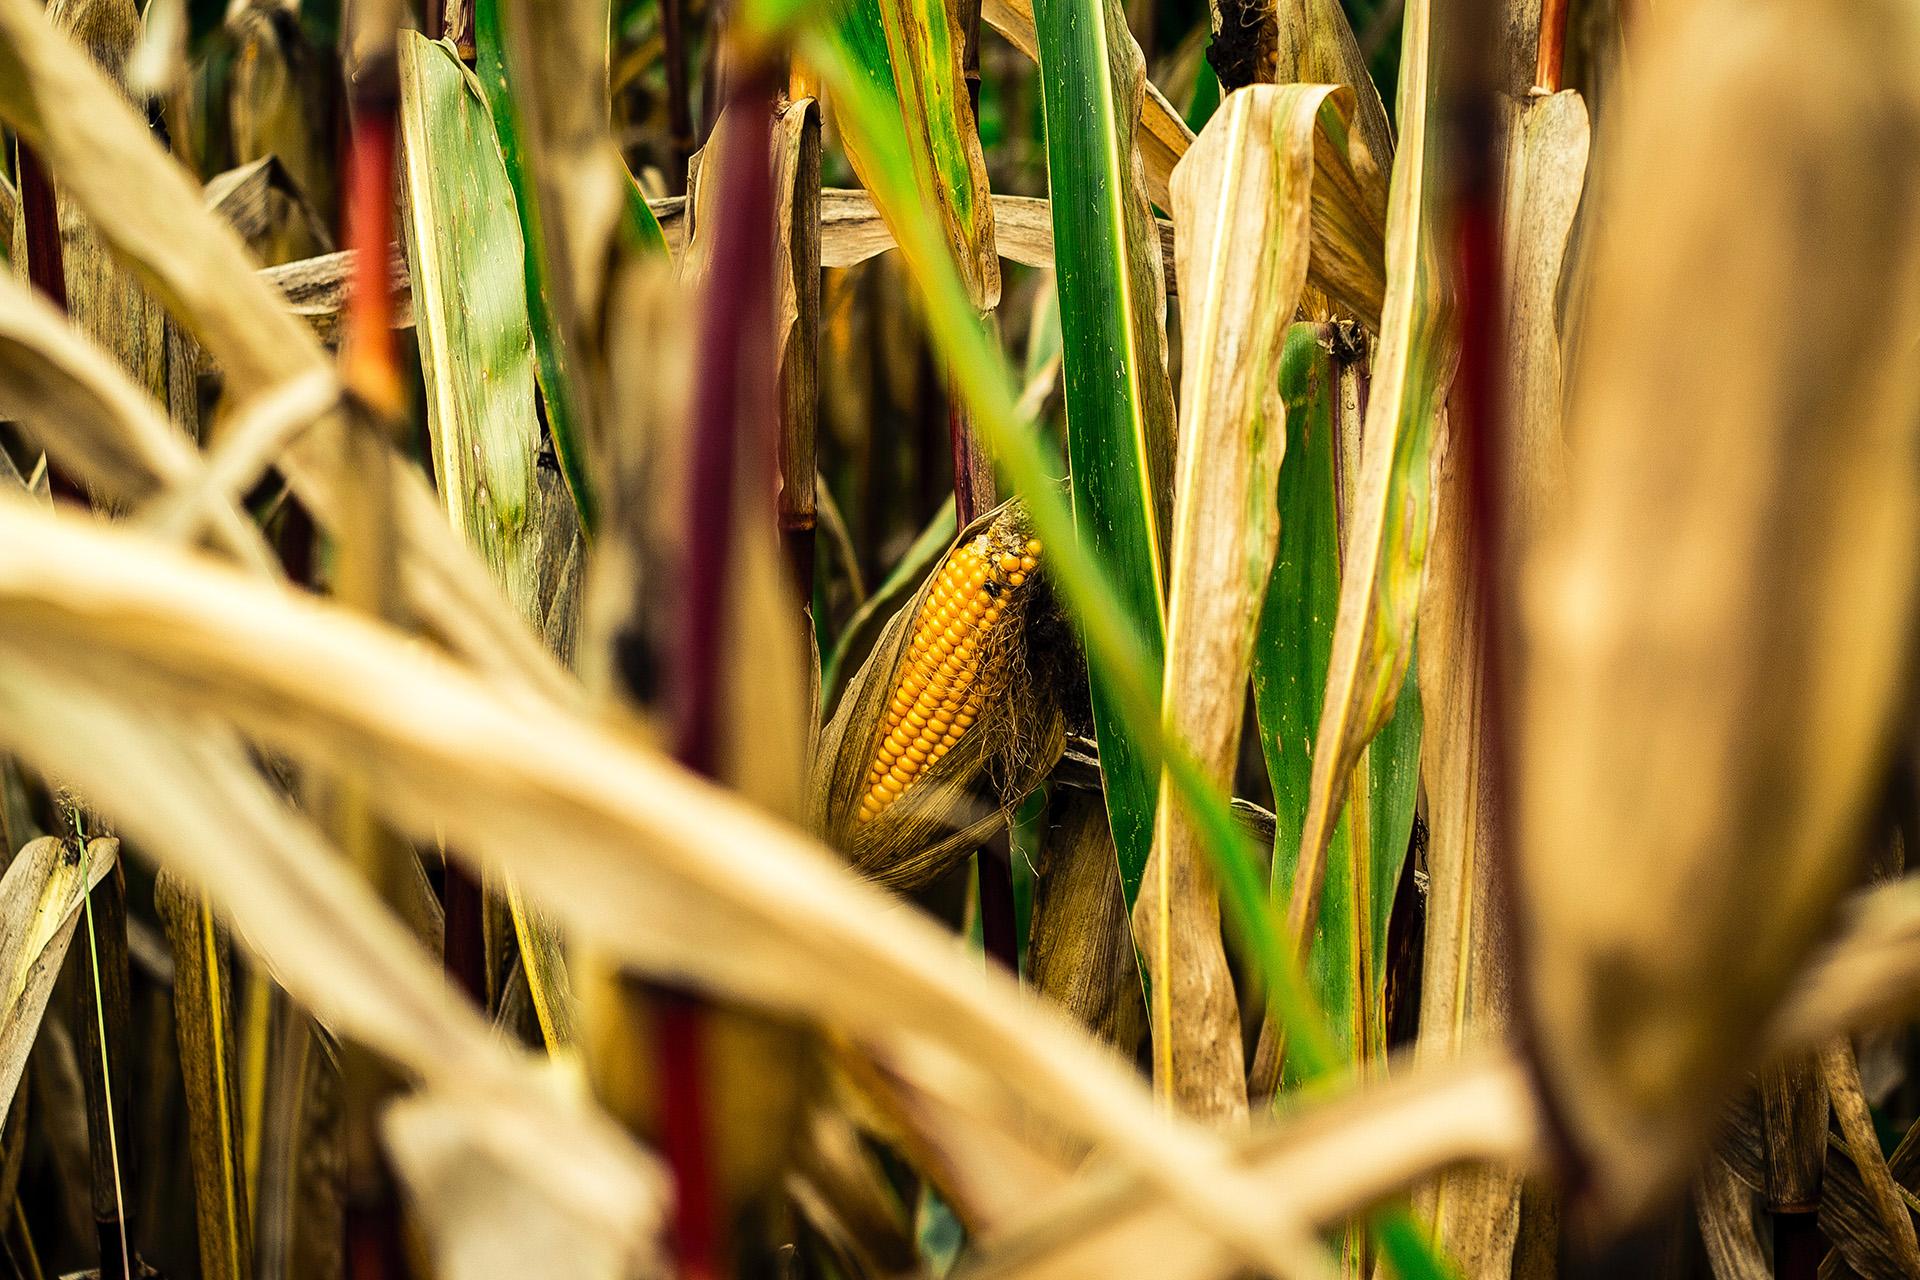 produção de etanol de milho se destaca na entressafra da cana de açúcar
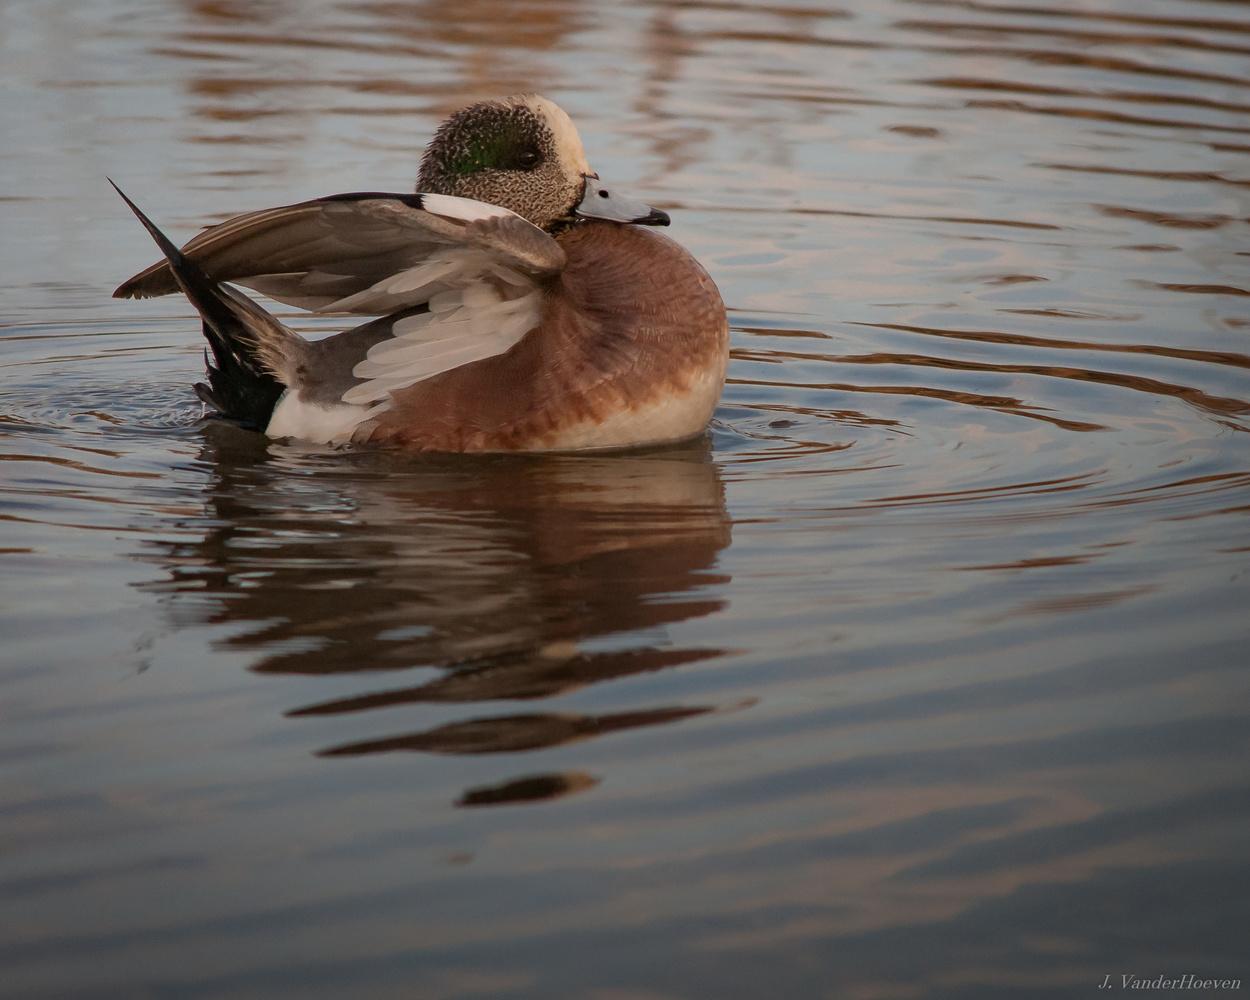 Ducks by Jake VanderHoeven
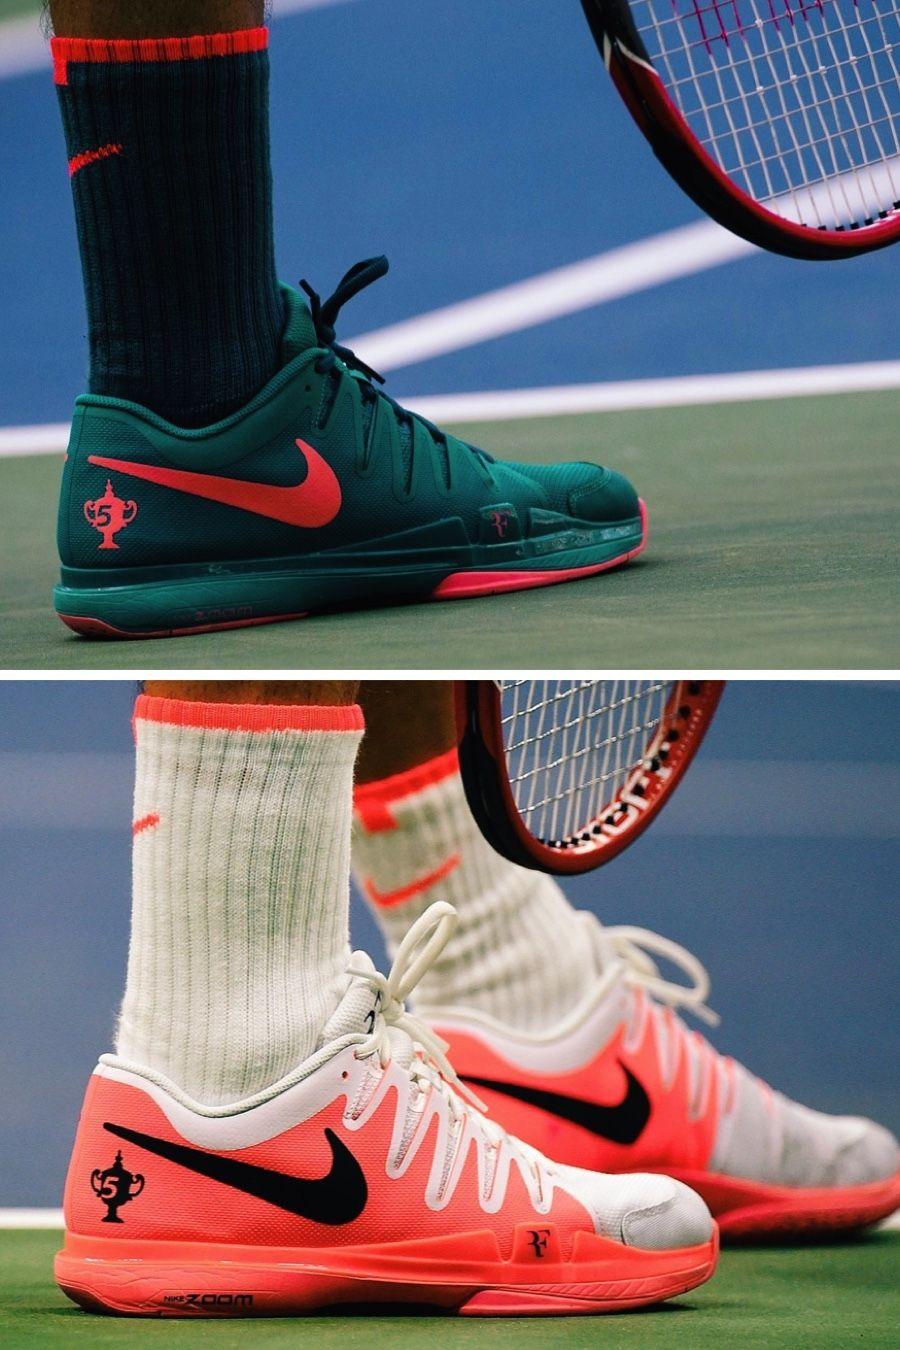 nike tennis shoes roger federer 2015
—————
> **Exercise**
Each line above should be printed again exactly, though the pictures should not be.

> **Result of this task**
 produção de etanol de milho se destaca na entressafra da cana de açúcar
 Ducks by Jake VanderHoeven
 nike tennis shoes roger federer 2015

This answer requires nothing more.